Everything happens as usual,
The sun sets in hazy smog,
Unknown cars honk next to me,
Birds chirp restlessly for a shelter
One more day ends in unhurried impatience.

08:22, 24 Jan 2015
Lessons from a learned pigeon

If you find a pigeon hovering over your laptop, don’t stop it from tweeting
If you do, don’t chase it
If you do, don’t scare it.
If you do, don’t scare it so much that it craps on your laptop
If you do and it does crap, don’t chase it again
If you do, don’t scare it further
If you do, don’t keep the windows shut
If you do, be gentle and open the window
While opening the window, don’t curse the pigeon in Hindi
(Pigeons don’t like their mothers and sisters subjected to human repression. And Indian pigeons know Hindi. Try Swahili instead. If you’re lucky, it hasn’t yet used its passport and has never been to Africa.)

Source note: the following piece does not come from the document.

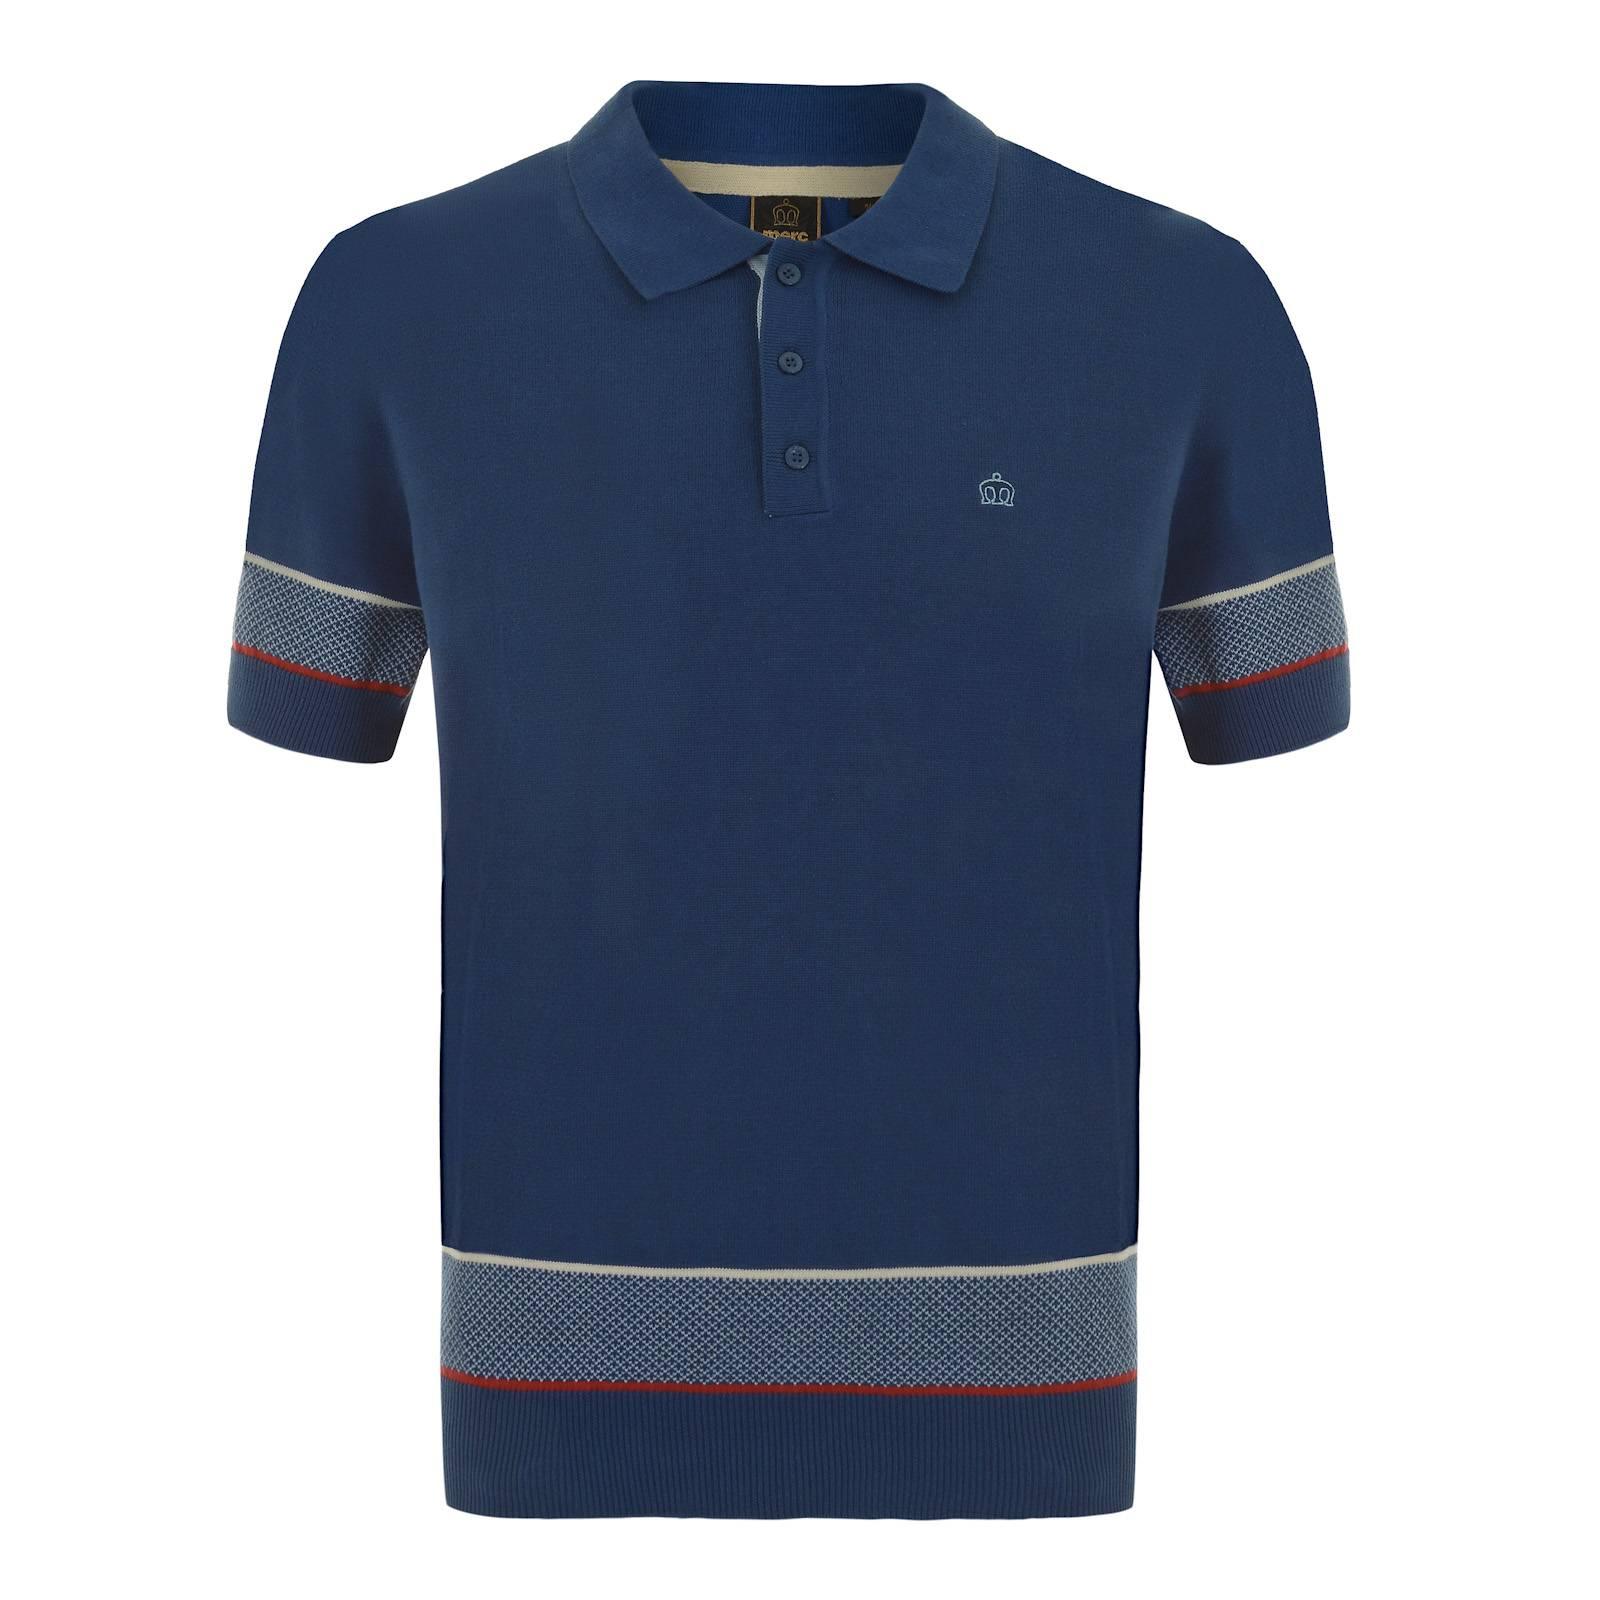 Рубашка Поло JunoПоло<br><br><br>Артикул: 1615103<br>Материал: 100% хлопок<br>Цвет: синий<br>Пол: Мужской

If you do, say sorry and don’t anger it
If you do, don’t let it crap out of anger
If you do, don’t step on it
If you do, don’t slip n fall
If you do, don’t fall on your back
If you do, don’t let anyone be around
If you do, don’t let that one try hard not to laugh
If you do, don’t say I am okay
If you do, don’t keep lying down
If you do, don’t betray your helplessness
If you do, don’t refuse help
If you do, don’t go to your regular doctor
(He already knows your unseemly ways)
If you do, don’t give the gory pigeon-details
If you do, don’t let your doc get wild at the pigeon
If you do, don’t let your doc suffer the same fate as yours and your laptop a repeat insult
Take your doc’s advice and make a resolution not to chase the pigeon that craps on your laptop
Moral of the story – Pigeons love to tweet.